I'm having a problem with gearman workers running on multiple servers which i can't seem to solve.
The problem occurs when a worker server is taken offline, rather than the worker process being cancelled, and causes all other worker processes to error and fail.
Example with just 1 client and 2 workers -
Client:
$client = new GearmanClient ();
$client->addServer ('192.168.1.200');
$client->addServer ('192.168.1.201');
$job = $client->do ('generate_tile', serialize ($arrData));
Worker:
$worker = new GearmanWorker ();
$worker->addServer ('192.168.1.200');
$worker->addServer ('192.168.1.201');
$worker->addFunction ('generate_tile', 'generate_tile');
while (1)
{
if (!$worker->work ())
{
switch ($worker->returnCode ())
{
default:
echo "Error: " . $worker->returnCode () . ': ' . $worker->error () . "\n";
break;
}
}
}
function generate_tile ($job) { ... }
The worker code is being run on 2 separate servers. When every server is up and running both workers execute jobs as expected.
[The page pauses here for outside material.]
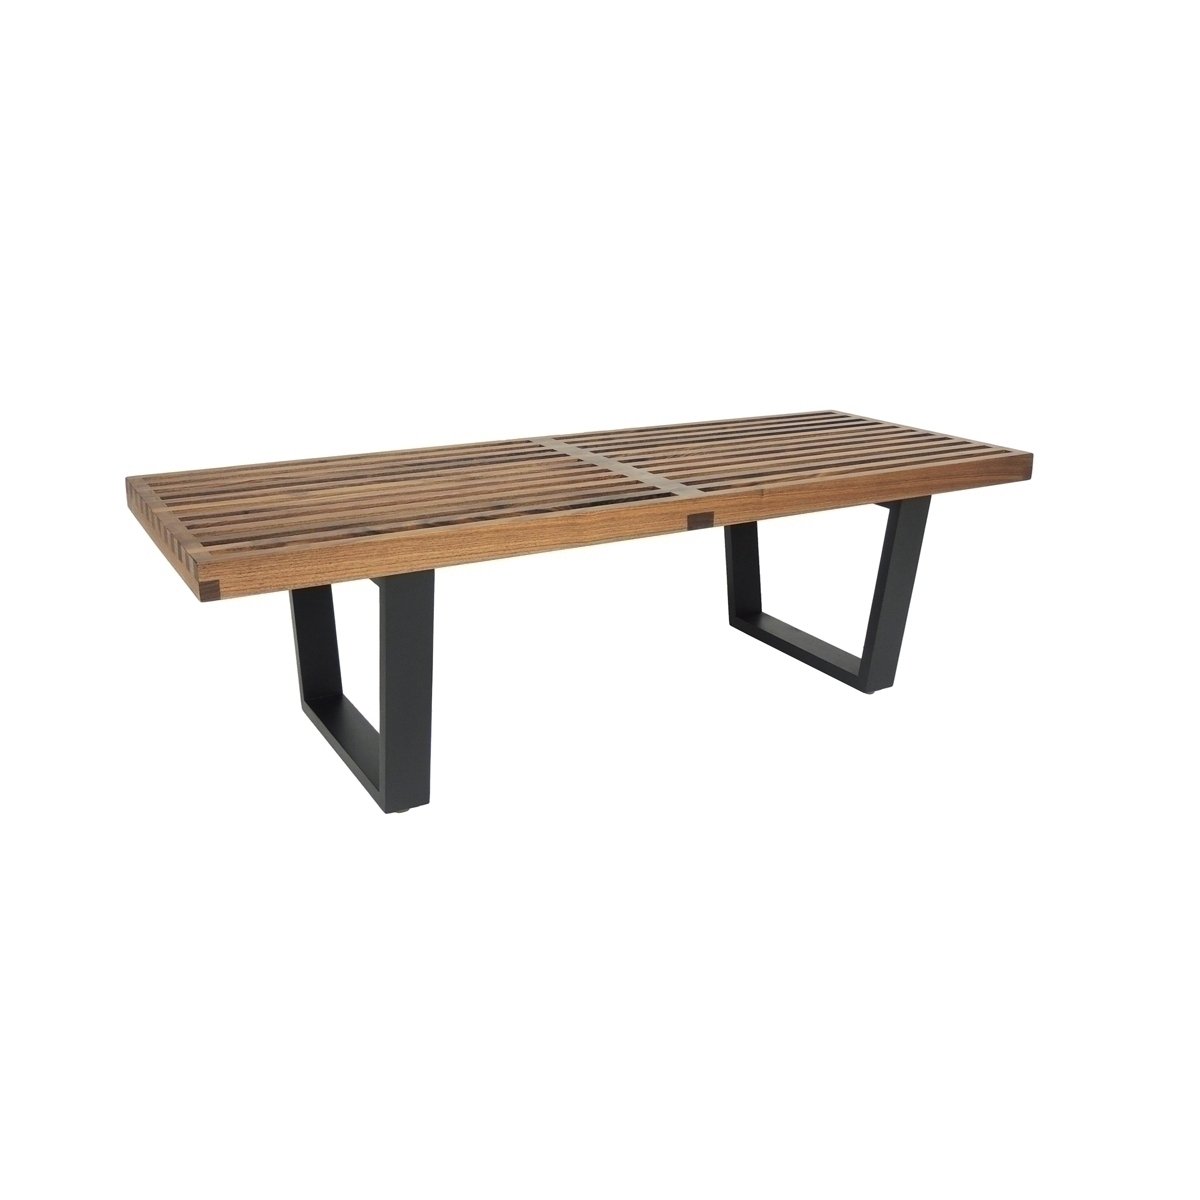 nelson-type 4ft slat bench

When one of the worker processes is cancelled, the other worker executes all jobs as expected.
However, when the server with the cancelled worker process is shutdown and taken completely offline, requests to the client script hang and the remaining worker process does not pick up any jobs.
I get the following set of errors from the remaining worker process:
Error: 46: gearman_con_wait:timeout reached
Error: 46: gearman_con_wait:timeout reached
Error: 4: gearman_con_flush:write:110
Error: 46: gearman_con_wait:timeout reached
Error: 4: gearman_con_flush:write:113
Error: 4: gearman_con_flush:write:113
Error: 4: gearman_con_flush:write:113
....
When i start-up the other server, not starting the worker process on it, the remaining worker process immediately jumps into life and executes any remaining jobs.
It seems clear to me that i need some code in the worker process to cope with any servers that may be offline, however i cannot see how to do this.
Many thanks,
Andy